GIVEN DATA:
^^^^^^^^^^^^^^^^
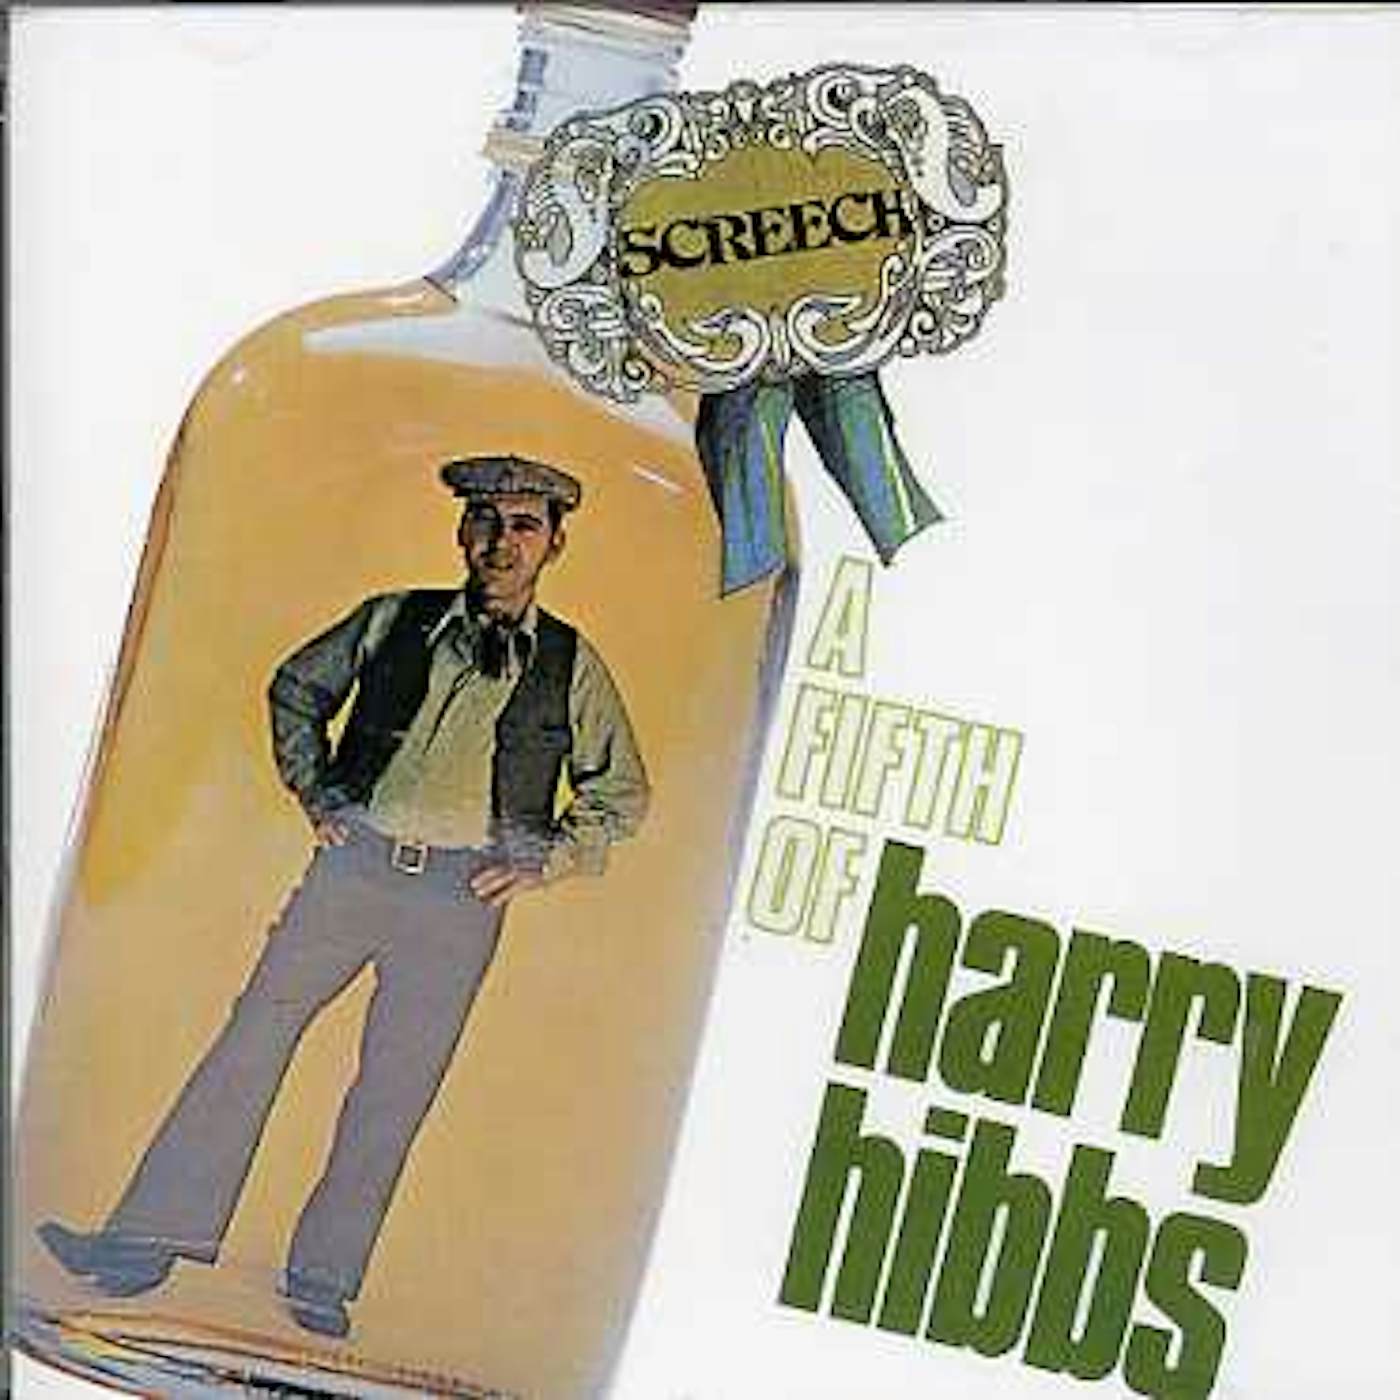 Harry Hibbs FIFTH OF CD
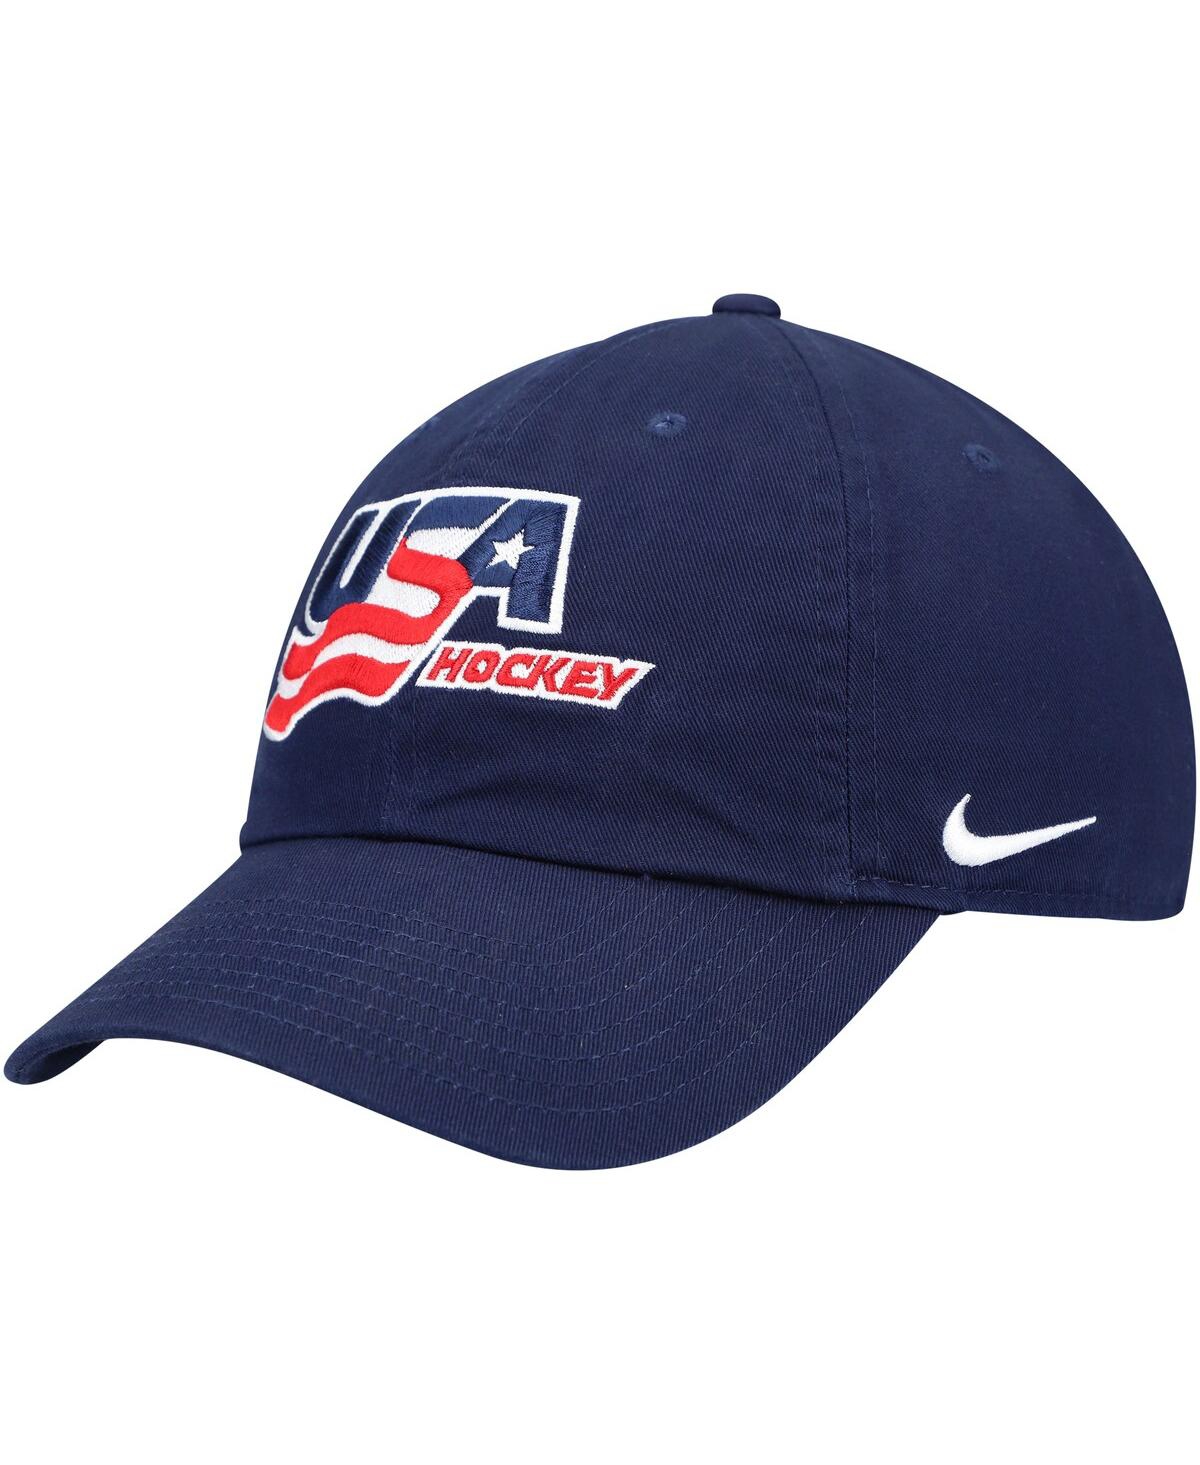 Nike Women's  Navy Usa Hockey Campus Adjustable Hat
^^^^^^^^^^^^^^^^
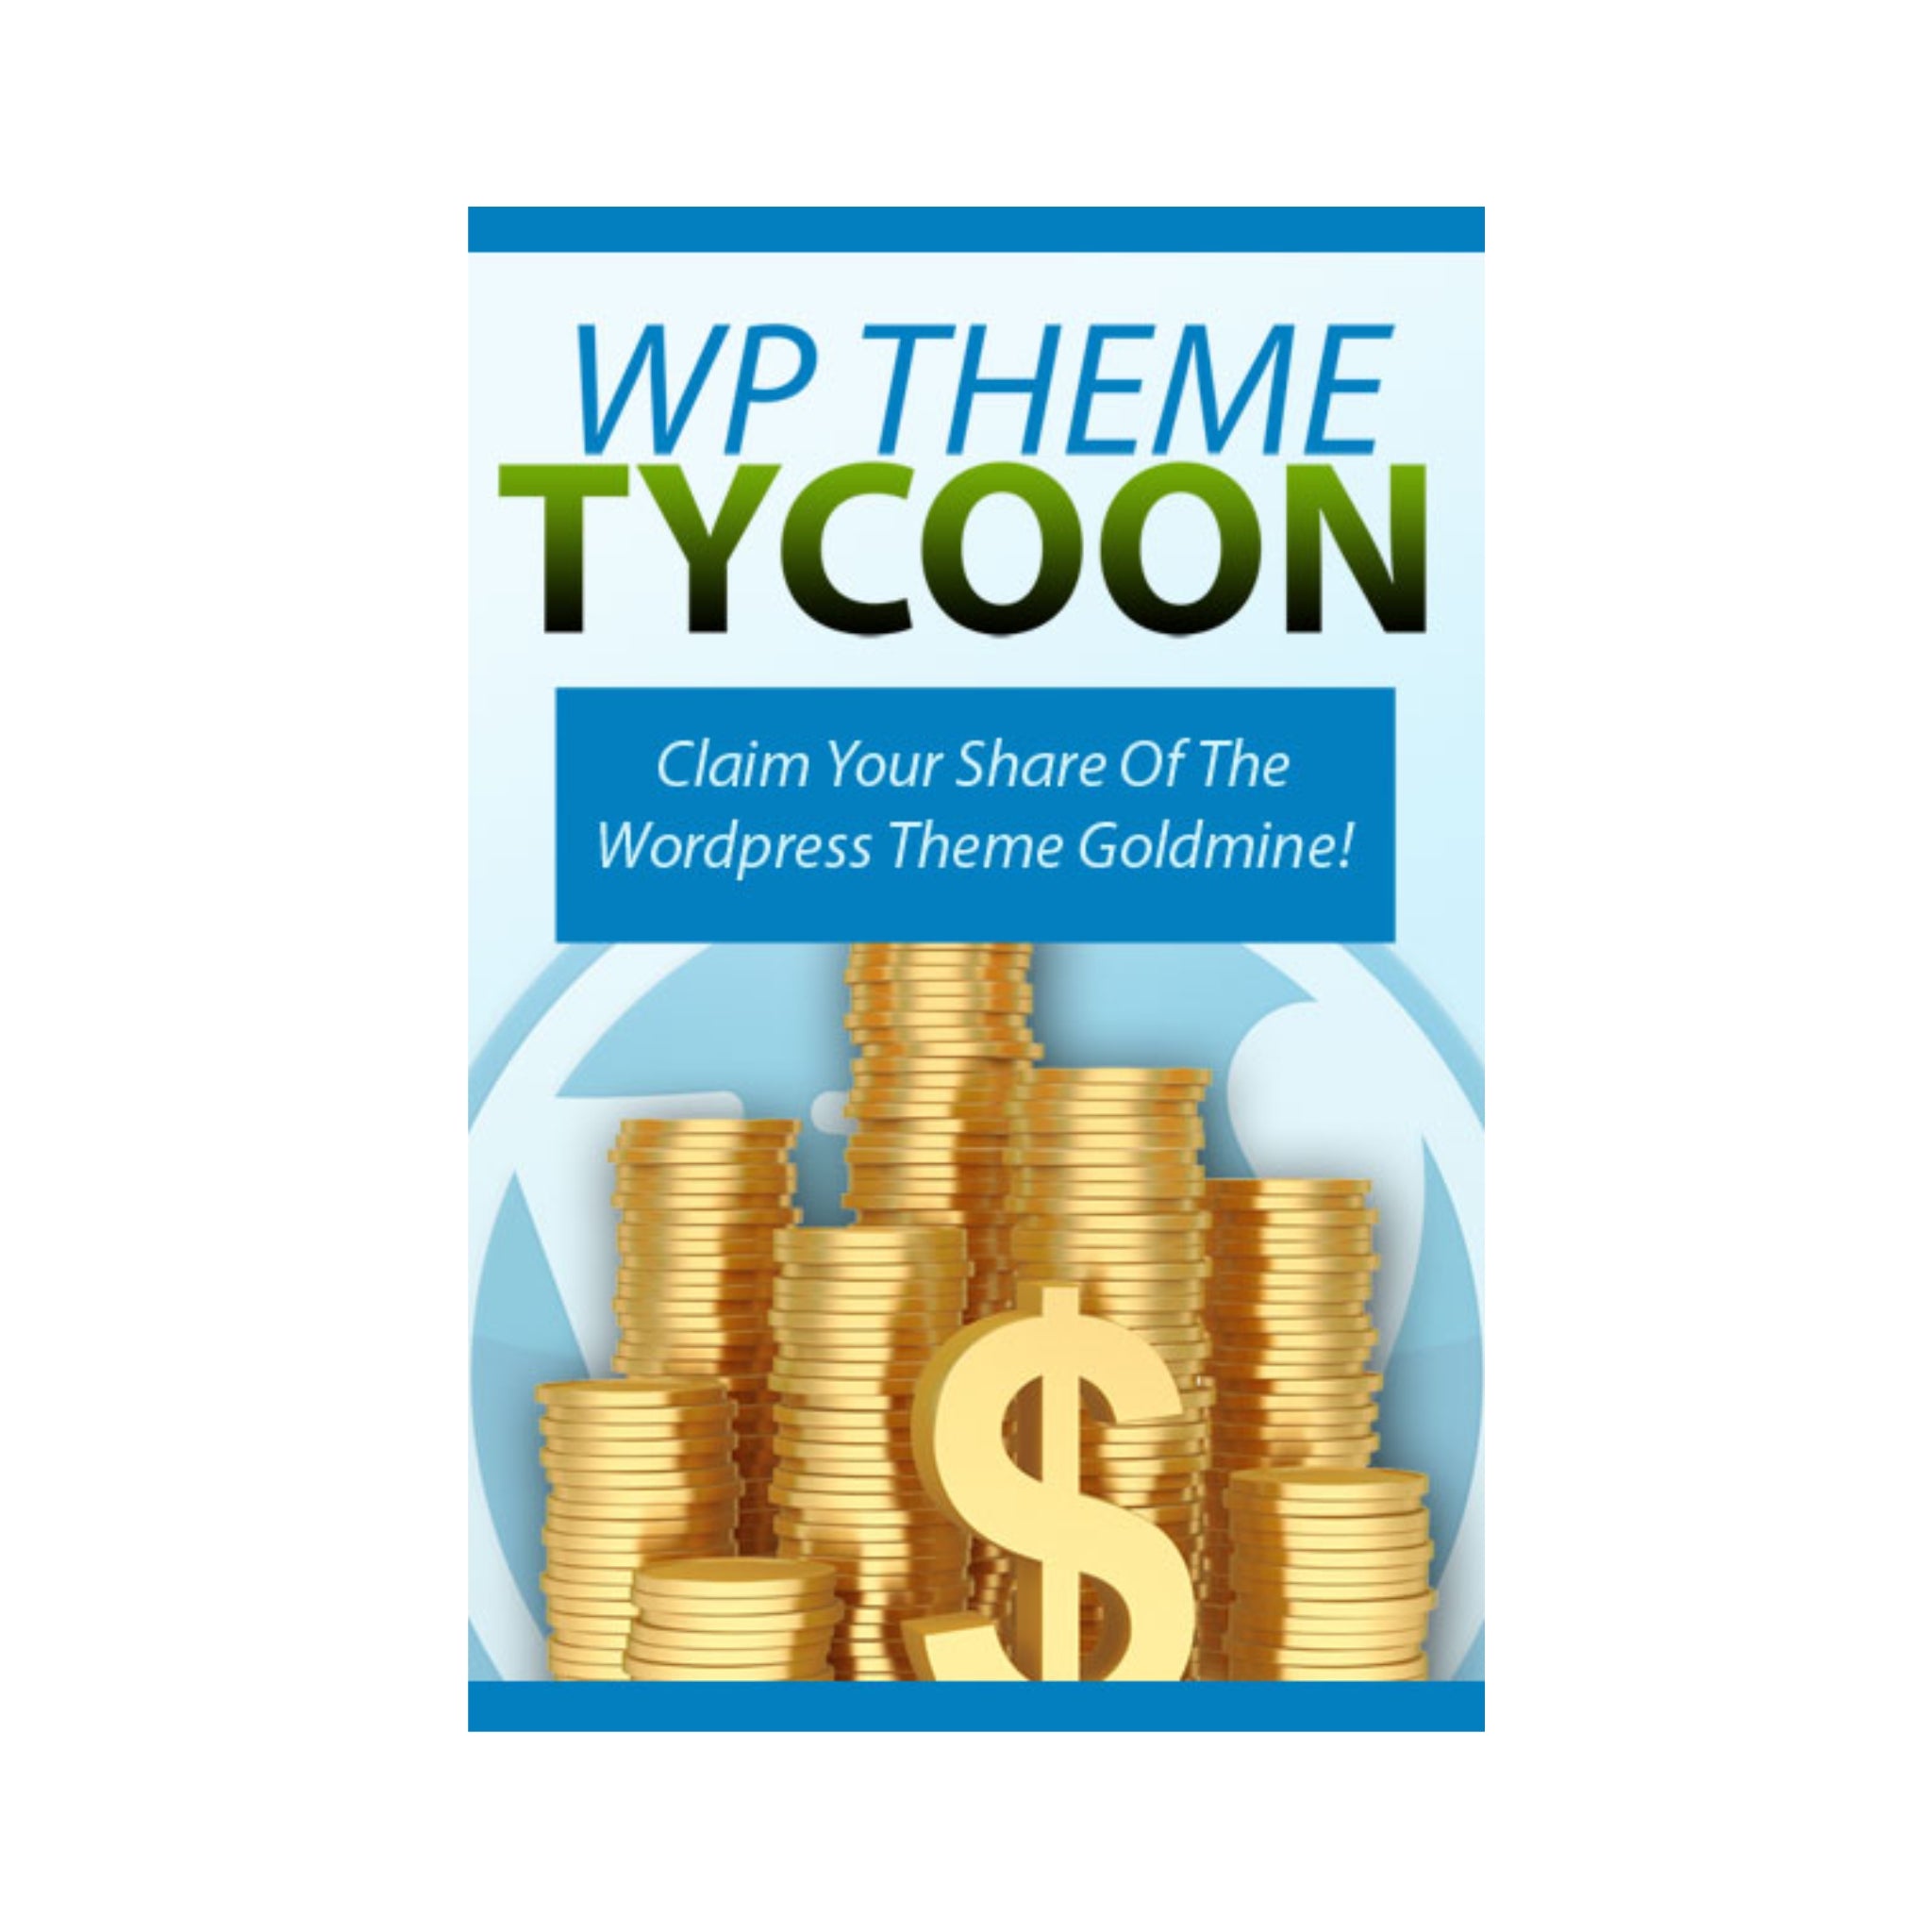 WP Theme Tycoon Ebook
^^^^^^^^^^^^^^^^
ABOUT THIS TASK: Starting at the line above that has "Harry Hibbs FIFTH OF CD" and ending at the line that has "Campus Adjustable Hat", copy each line exactly, leaving the pictures out and adding nothing.

FINISHED TASK:
 Harry Hibbs FIFTH OF CD
 Nike Women's  Navy Usa Hockey Campus Adjustable Hat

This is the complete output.